[[ Input records, beginning ]]
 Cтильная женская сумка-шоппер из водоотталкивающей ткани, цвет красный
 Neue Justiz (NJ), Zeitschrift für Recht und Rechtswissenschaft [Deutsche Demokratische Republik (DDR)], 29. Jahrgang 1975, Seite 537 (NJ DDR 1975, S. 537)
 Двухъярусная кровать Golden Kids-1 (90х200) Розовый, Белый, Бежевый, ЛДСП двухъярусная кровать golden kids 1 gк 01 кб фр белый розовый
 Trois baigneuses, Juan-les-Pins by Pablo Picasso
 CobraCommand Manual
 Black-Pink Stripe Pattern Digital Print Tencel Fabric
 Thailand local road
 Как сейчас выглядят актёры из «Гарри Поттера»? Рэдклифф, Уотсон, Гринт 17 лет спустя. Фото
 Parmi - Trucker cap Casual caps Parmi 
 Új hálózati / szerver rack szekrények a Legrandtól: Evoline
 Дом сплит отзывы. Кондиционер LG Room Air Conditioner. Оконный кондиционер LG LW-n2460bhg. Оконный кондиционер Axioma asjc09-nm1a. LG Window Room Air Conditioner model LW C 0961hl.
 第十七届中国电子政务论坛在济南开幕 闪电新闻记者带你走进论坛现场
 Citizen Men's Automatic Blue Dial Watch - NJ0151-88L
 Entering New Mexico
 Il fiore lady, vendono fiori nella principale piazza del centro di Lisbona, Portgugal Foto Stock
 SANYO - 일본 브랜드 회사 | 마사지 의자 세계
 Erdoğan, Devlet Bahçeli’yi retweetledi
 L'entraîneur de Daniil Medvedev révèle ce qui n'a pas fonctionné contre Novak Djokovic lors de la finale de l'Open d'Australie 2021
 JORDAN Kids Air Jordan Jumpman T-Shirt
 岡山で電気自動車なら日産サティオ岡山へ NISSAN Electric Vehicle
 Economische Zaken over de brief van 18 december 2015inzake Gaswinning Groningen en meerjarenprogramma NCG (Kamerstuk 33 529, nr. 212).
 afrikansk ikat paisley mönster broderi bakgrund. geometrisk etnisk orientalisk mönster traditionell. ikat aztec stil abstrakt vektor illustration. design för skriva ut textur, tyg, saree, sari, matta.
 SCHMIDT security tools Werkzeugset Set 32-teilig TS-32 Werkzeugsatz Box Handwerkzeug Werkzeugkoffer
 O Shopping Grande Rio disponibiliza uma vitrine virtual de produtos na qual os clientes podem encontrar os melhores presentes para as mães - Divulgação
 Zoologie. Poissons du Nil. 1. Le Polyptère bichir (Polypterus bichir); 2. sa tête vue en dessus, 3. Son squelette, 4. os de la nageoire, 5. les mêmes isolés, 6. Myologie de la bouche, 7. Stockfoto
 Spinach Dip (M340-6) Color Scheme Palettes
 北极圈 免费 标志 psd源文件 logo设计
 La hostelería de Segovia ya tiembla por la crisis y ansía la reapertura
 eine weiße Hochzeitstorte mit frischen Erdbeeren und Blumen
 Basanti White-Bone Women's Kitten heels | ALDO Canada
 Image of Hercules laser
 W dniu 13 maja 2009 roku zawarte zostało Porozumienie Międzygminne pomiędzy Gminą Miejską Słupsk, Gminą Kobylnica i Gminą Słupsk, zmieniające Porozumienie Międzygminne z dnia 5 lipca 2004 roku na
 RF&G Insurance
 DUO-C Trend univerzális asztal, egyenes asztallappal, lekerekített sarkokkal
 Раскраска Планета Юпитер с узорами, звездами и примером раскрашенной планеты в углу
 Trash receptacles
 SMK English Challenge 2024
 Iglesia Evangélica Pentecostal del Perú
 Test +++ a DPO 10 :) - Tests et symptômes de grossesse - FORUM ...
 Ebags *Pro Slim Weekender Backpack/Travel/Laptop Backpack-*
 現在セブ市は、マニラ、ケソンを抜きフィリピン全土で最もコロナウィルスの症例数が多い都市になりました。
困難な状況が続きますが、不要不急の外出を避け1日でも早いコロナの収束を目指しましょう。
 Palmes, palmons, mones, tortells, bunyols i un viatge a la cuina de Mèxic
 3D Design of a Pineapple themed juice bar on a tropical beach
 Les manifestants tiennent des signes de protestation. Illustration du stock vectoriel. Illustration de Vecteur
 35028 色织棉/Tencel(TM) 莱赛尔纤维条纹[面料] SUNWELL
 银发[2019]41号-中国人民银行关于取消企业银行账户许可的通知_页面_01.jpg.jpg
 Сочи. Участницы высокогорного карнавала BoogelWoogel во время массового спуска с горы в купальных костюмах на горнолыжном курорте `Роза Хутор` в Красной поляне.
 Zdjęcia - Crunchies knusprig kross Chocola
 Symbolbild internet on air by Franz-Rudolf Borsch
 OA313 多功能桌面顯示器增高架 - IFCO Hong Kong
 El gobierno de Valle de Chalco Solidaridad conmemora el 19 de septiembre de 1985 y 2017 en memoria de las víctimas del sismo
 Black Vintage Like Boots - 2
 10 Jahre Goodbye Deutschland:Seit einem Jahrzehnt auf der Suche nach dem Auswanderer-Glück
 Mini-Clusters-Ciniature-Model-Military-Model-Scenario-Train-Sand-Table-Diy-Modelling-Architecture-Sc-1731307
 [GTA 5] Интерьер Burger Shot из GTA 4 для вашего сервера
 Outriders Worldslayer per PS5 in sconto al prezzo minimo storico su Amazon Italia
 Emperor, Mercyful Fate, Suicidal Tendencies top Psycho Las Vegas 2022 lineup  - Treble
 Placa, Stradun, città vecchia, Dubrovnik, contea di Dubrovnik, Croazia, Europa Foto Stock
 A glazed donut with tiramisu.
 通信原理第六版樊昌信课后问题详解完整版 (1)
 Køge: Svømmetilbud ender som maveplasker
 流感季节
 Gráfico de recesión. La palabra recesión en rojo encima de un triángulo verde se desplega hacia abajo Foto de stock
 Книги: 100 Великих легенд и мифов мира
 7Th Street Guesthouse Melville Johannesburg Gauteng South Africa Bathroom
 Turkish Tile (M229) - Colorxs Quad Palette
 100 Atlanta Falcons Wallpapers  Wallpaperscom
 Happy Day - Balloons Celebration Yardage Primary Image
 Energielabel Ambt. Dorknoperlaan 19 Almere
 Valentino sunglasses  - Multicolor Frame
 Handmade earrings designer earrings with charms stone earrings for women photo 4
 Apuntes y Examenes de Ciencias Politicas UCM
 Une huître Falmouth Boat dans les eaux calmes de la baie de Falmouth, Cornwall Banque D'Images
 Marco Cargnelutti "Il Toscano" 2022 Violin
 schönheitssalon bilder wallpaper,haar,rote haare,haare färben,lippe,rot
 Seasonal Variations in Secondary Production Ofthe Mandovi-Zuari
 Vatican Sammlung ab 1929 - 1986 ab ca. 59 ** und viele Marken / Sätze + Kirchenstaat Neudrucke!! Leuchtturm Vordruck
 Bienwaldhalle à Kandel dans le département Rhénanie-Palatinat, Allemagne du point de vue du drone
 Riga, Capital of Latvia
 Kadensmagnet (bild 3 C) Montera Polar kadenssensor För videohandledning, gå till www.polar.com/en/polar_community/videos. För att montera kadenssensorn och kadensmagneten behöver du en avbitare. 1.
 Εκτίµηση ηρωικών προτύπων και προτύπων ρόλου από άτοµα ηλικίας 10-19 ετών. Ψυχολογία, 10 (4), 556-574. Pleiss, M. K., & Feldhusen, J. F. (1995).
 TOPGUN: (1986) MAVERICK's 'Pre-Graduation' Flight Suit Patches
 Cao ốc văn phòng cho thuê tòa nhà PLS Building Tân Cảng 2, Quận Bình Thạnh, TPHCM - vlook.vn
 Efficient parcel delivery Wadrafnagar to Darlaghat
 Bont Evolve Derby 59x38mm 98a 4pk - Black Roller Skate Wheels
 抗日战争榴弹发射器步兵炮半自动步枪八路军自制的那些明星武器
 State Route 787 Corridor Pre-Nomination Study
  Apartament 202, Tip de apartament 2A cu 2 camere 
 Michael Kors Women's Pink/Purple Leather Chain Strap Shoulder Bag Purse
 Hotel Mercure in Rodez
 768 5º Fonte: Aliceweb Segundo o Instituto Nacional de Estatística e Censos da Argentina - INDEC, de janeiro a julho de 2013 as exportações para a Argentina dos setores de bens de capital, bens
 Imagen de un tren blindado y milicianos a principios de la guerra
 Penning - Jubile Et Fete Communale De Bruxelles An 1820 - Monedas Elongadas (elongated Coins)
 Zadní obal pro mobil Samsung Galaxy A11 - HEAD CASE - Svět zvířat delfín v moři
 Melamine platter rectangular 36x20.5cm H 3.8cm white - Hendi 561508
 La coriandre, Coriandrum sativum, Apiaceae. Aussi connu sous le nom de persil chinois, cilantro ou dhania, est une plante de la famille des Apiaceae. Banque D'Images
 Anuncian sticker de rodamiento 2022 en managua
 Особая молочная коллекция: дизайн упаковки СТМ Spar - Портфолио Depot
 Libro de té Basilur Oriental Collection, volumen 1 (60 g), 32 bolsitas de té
[[ Input records, end ]]
▸ Work instructions
If a line in the records above holds the string "with", copy it out.

▸ Result for this task
 A glazed donut with tiramisu.
 Handmade earrings designer earrings with charms stone earrings for women photo 4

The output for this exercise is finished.